┏━━

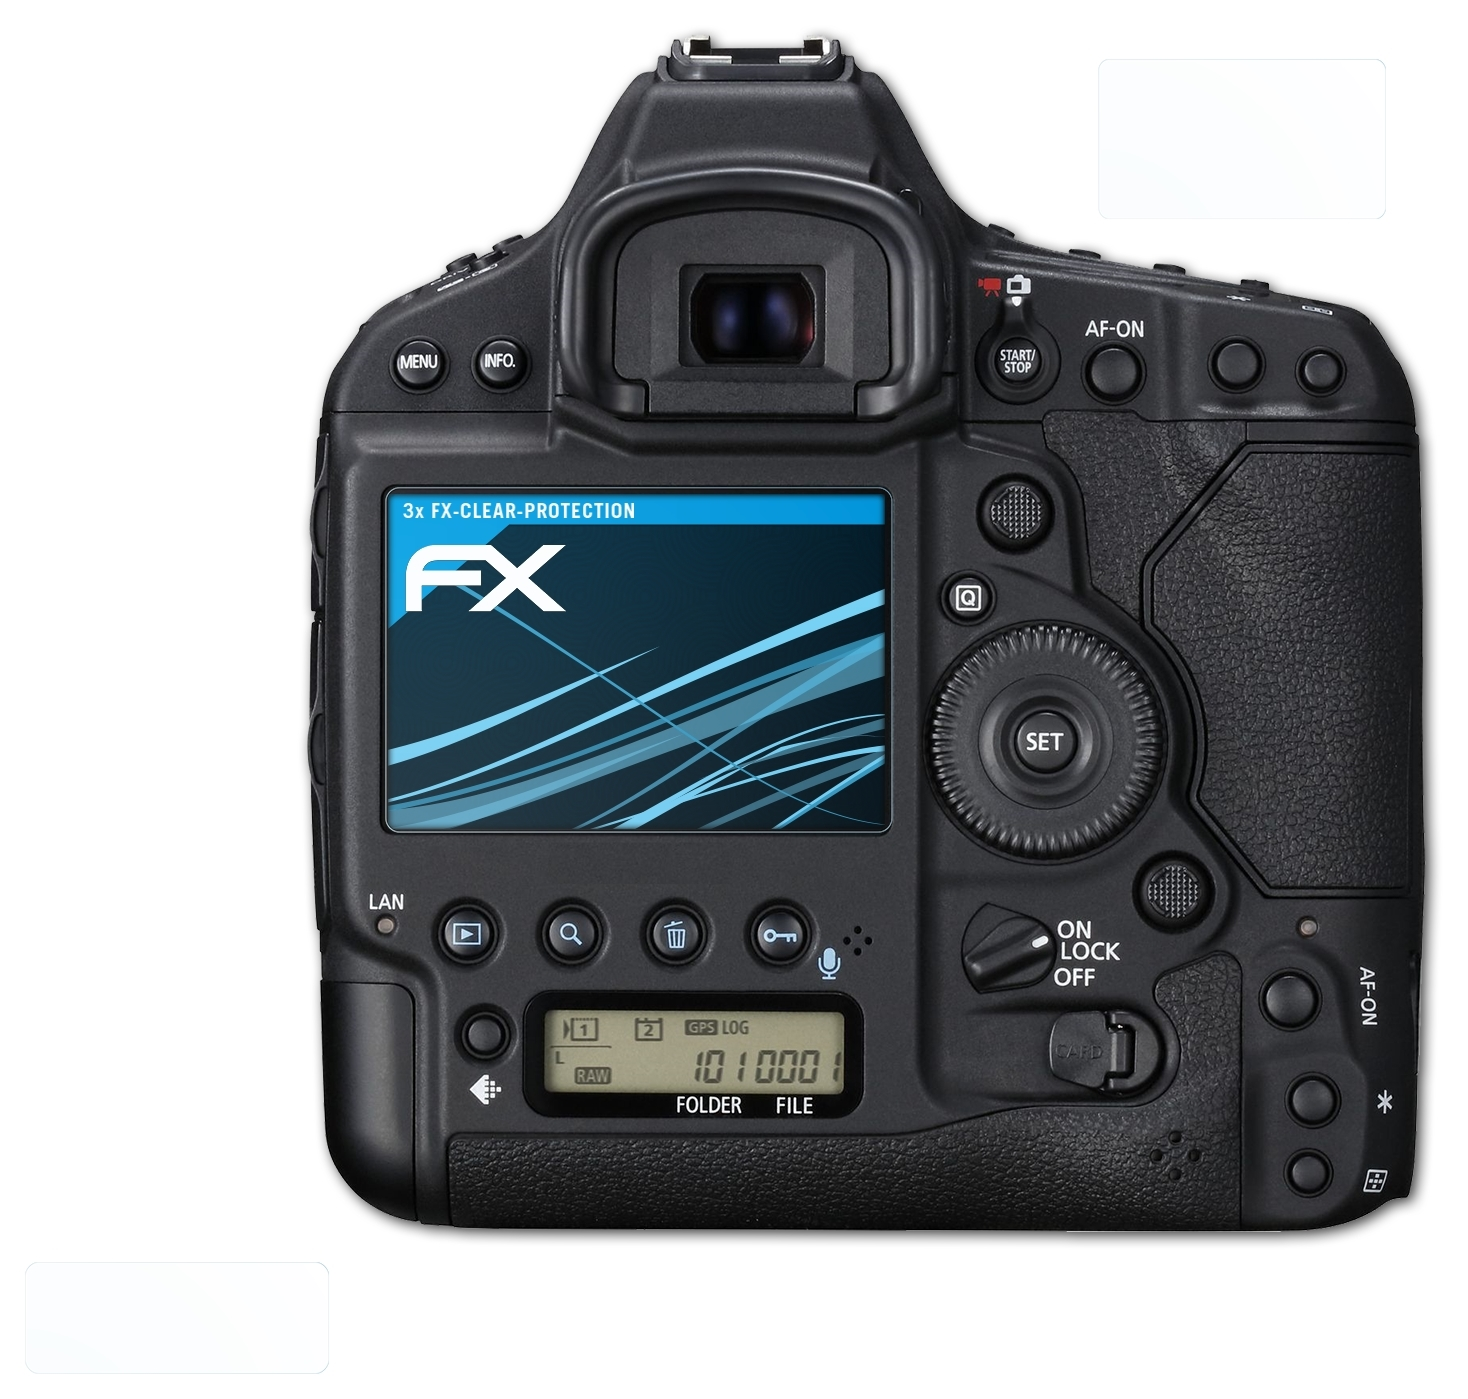 Mark 3x FX-Clear III) Displayschutz(für EOS-1D X ATFOLIX Canon
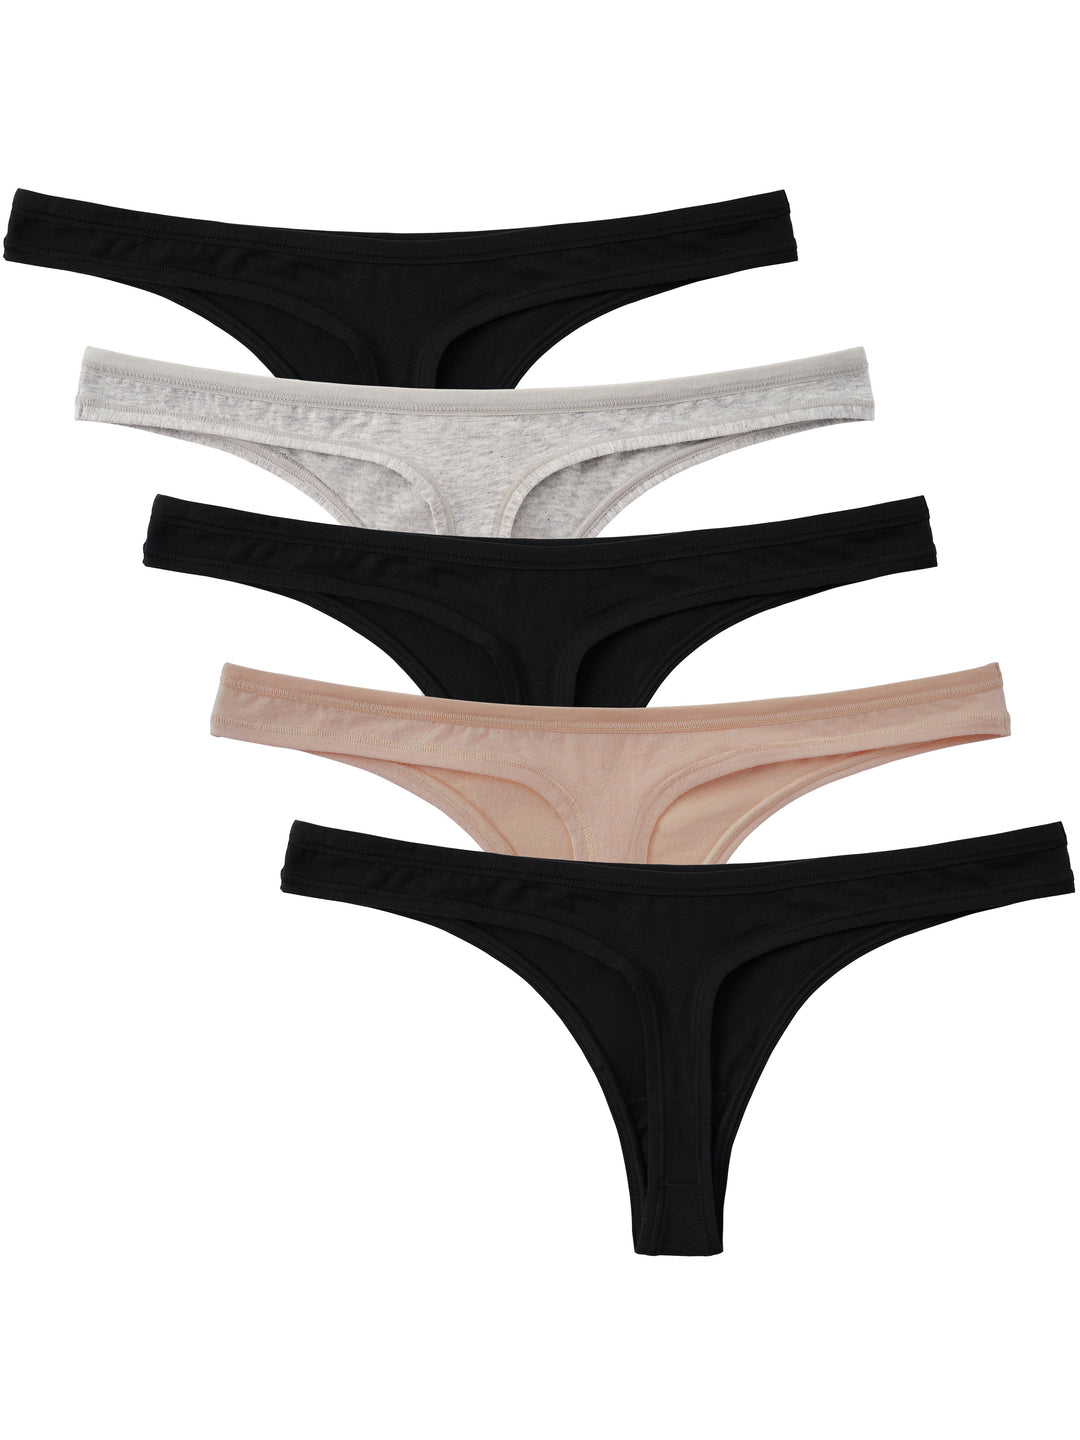 Women's Panties - Kmart
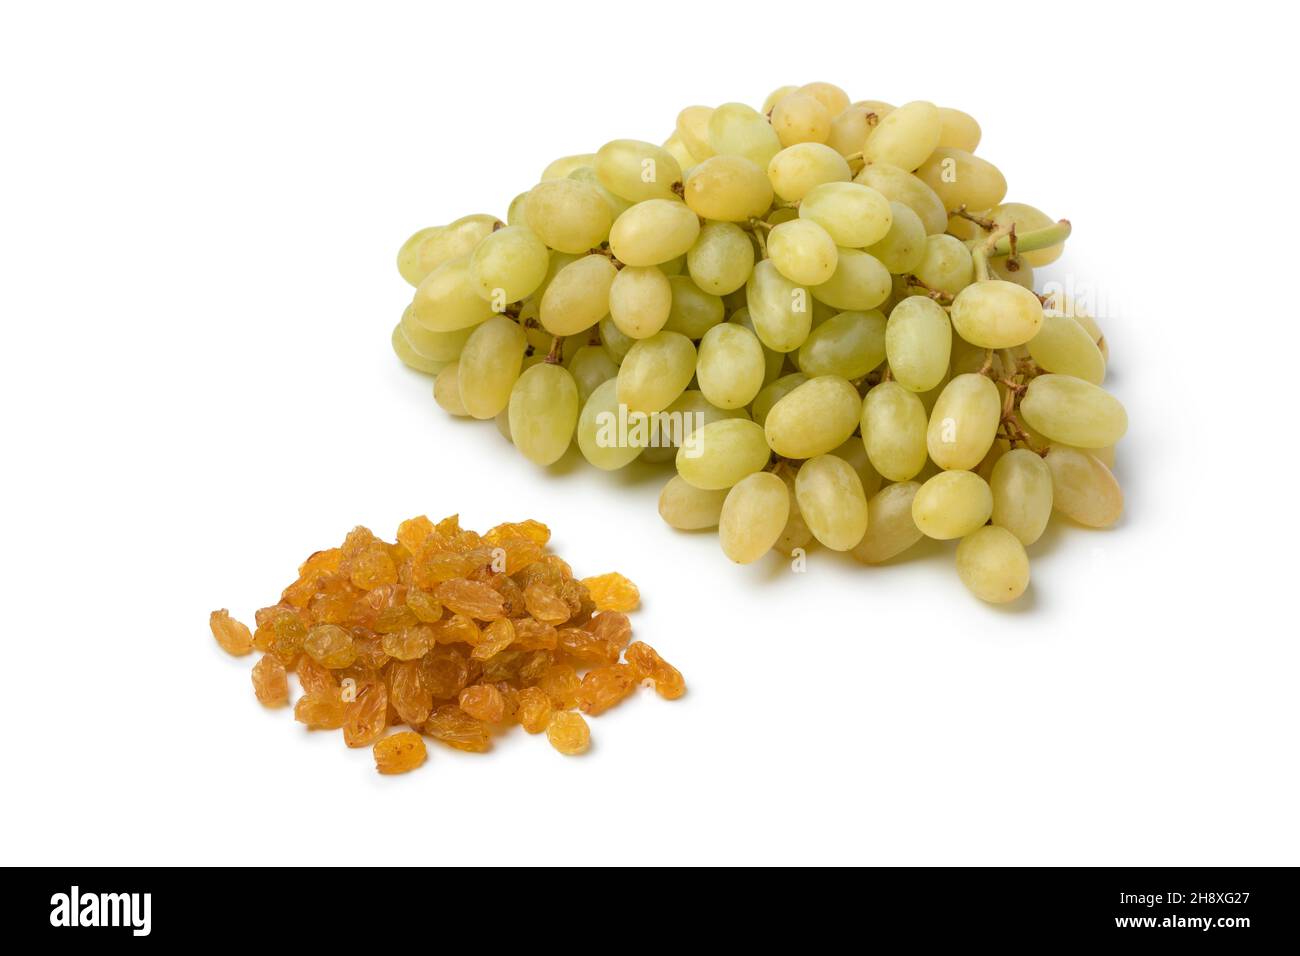 Manojo de uvas sultanas turcas frescas maduras y pasas secas aisladas sobre fondo blanco Foto de stock

┗━━

Exercise description
From the first line of the material to the last, retype everything exactly except the images.

Solution for this exercise
 Mark 3x FX-Clear III) Displayschutz(für EOS-1D X ATFOLIX Canon
 Women's Panties - Kmart
 Manojo de uvas sultanas turcas frescas maduras y pasas secas aisladas sobre fondo blanco Foto de stock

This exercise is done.